When songwriters write about middle age, the results can be, well, challenging. The default setting is a sort of wistful regret, floated over minor chords and soupy strings. The self-indulgence flies off the scale, the album gets panned, and in a fit of panic, they hastily reform the old band and hit the nostalgia circuit really hard. Not Ben Watt. On Storm Damage, he does his fair share of navel-gazing introspection and bleary-eyed recollections. Still, he has the good sense and impeccable taste to couch all that stuff in simple, memorable musical arrangements.
Restraint is the order of the day. Nothing gets in the way of the words. Watt has a plain but earnest voice that never strays too far from his comfort zone, and it's perfect for these songs. He's backed by a cohort of musicians who embellish his music beautifully. You'll hear hints of jazz, electronica, Robert Wyatt, Nick Drake, and a charming dash of what we called trip-hop, sometime in the 1990s. But the star of the show is his lyrics.
There is every chance Watt has turned his mid-life crisis into the best record of his career. He's embraced his mortality and seems pretty OK with it. You don't need to look too hard to find examples – in fact, the first words on the album are "Nineteen years old, life in front of you, Everything on hold." "Balanced on a Wire" – the song those words come from - is imbued with an almost tangible ache. The drums pulse, the bass uncurls slowly, and Watt manages to capture the confusion of early adulthood perfectly. "You saw the moon, is it gone?" he sings. Blink, and you'll miss it. On "Summer Ghosts", he starts off being annoyed that he's having to reach out to others for help, briefly detours to a childhood memory ("My folks were just people with their own shit / And god knows there was enough of it"), and finishes up with a variant of the "I can remember when all this was fields" truism. It shouldn't be good, but it is.

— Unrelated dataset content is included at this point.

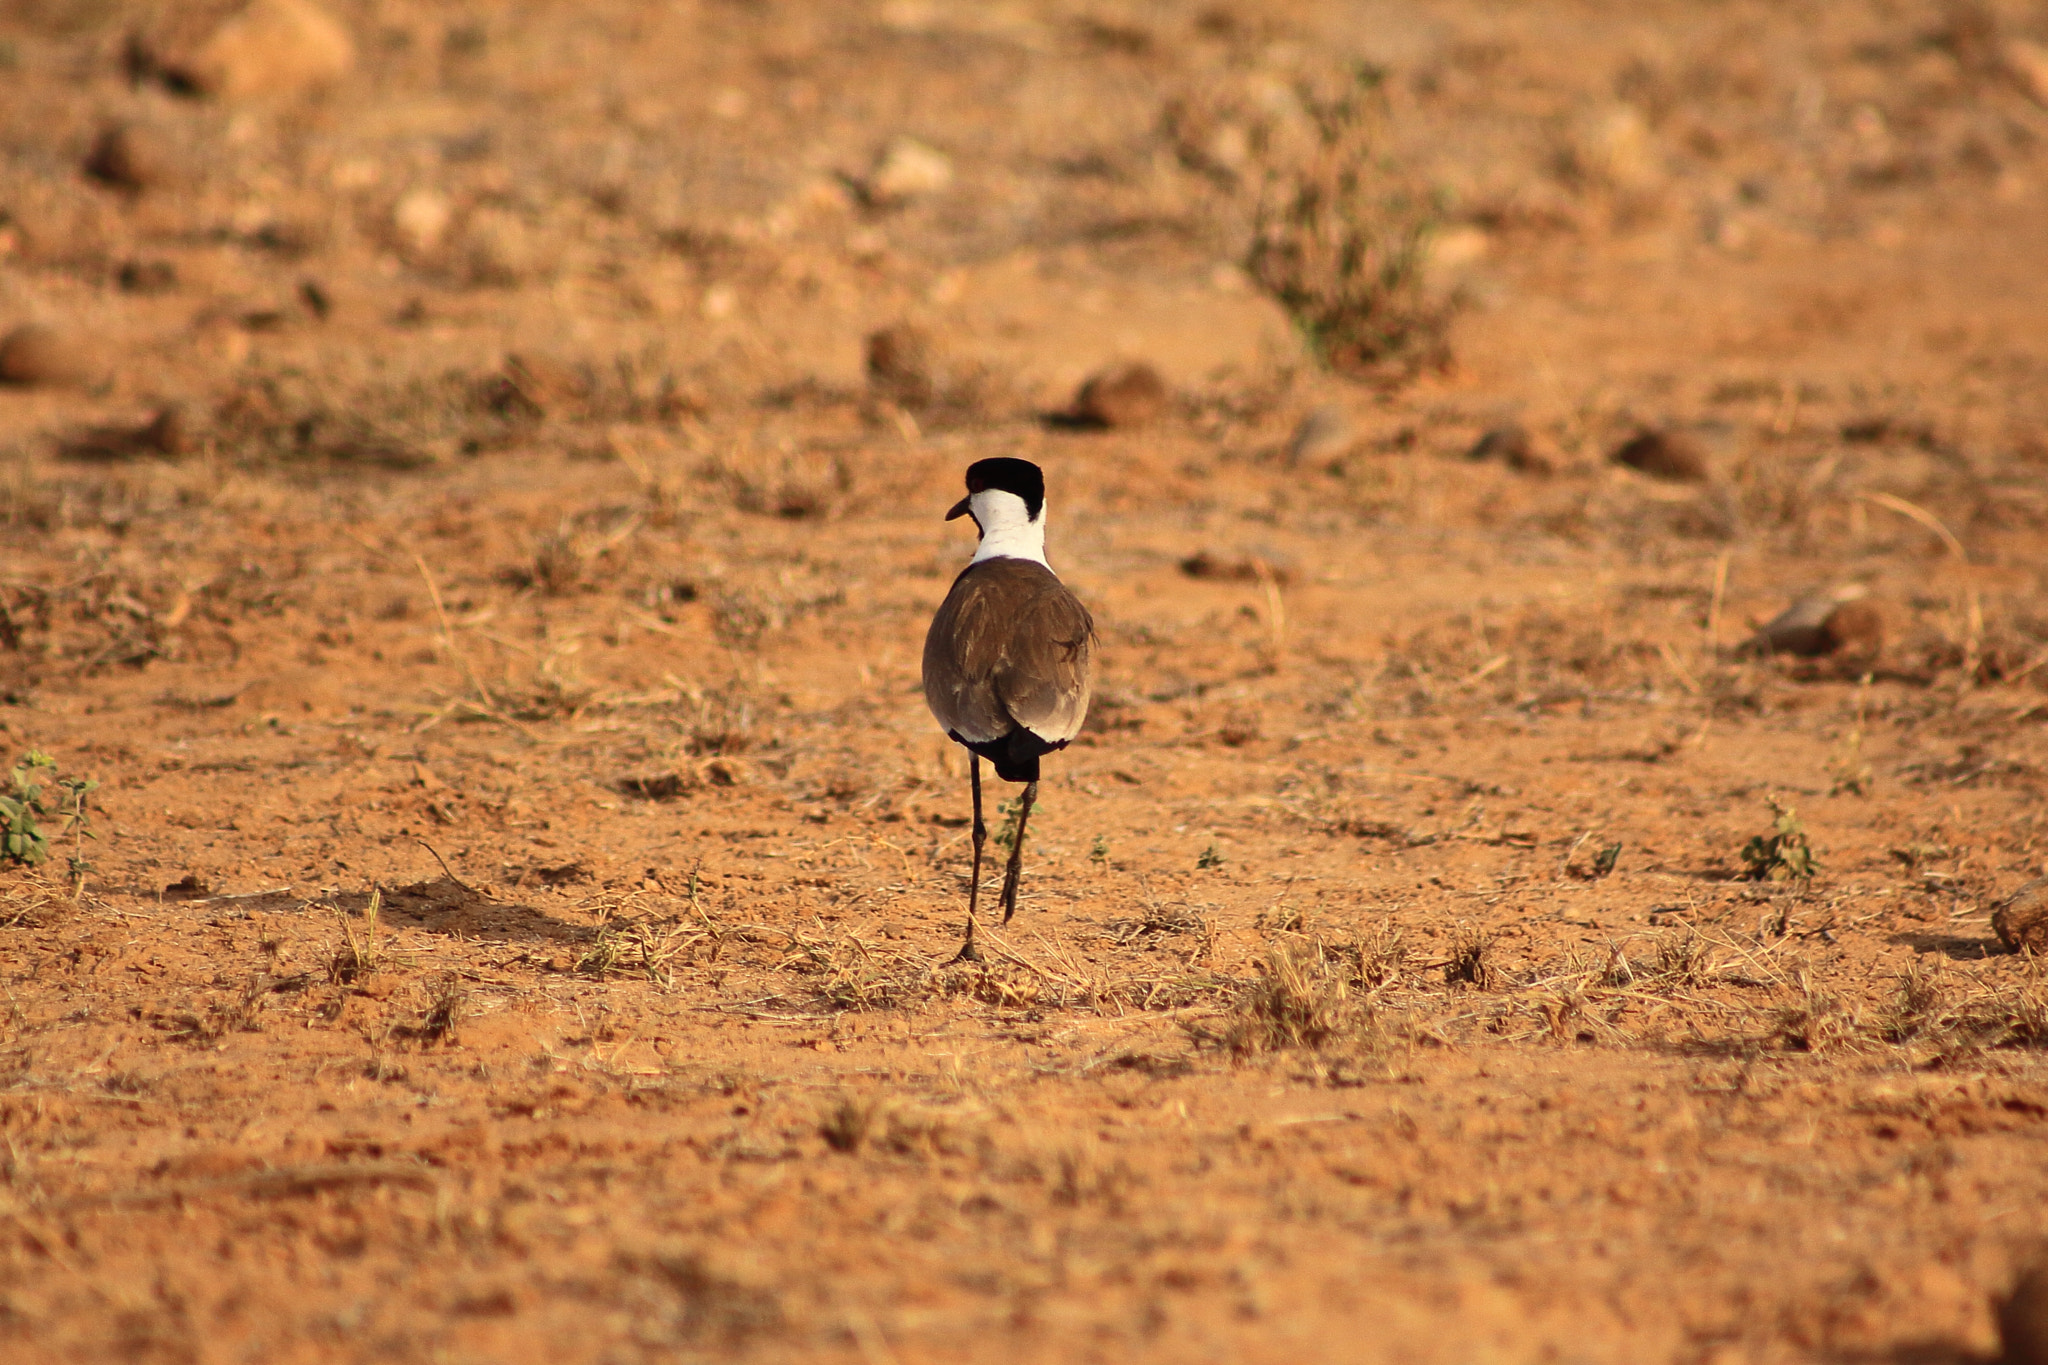 Canon EOS 50D sample photo. Kenia solitary bird photography

"Retreat to Find" wins the award for the bleakest lyric on the record. "Here, here in my heart, there is a place where I can outface death," he sings. It's weirdly uplifting. Life-affirming even. How the hell did he manage that? Fans of Turin Brakes will enjoy "Figures in the Landscape" and the tension of the verses leading to the release of the chorus. The song almost rocks. I'm not sure who the line "Everyone's a karaoke star" is aimed at, but if the cap fits… It's also the closest thing to a single on the record.
Watt wraps it all up beautifully on the final track, "Festival Song". A simple recollection of being alone at a festival, tipsy from alcohol and smoking his first cigarette in years. Tomorrow afternoon, he'll be back at work, so tonight, he's slipped away. Lost in the music, lost in the crowd, and "Free, free from everything." Nothing else matters but the moment. It's sung sweetly, accompanied by a reverb-heavy piano and a beautifully judged, electronica and viola background. You'll be lucky if you hear a better song in 2020. Really lucky.
Storm Damage is an album by a man in his late 50s, musing on his life, lost love, changing surroundings, and mortality. By some incredible sleight of hand, he's managed to make that unpalatable dish, delicious. On the credits amongst his numerous musical contributions, is the word "Alchemy". I believe it. He's turned his mid-life crisis into gold, and combine that with the clairvoyance, Mr. Watt has a couple of lucrative alternative careers if his muse ever departs him. On the strength of this record, I can't see that happening for quite a while.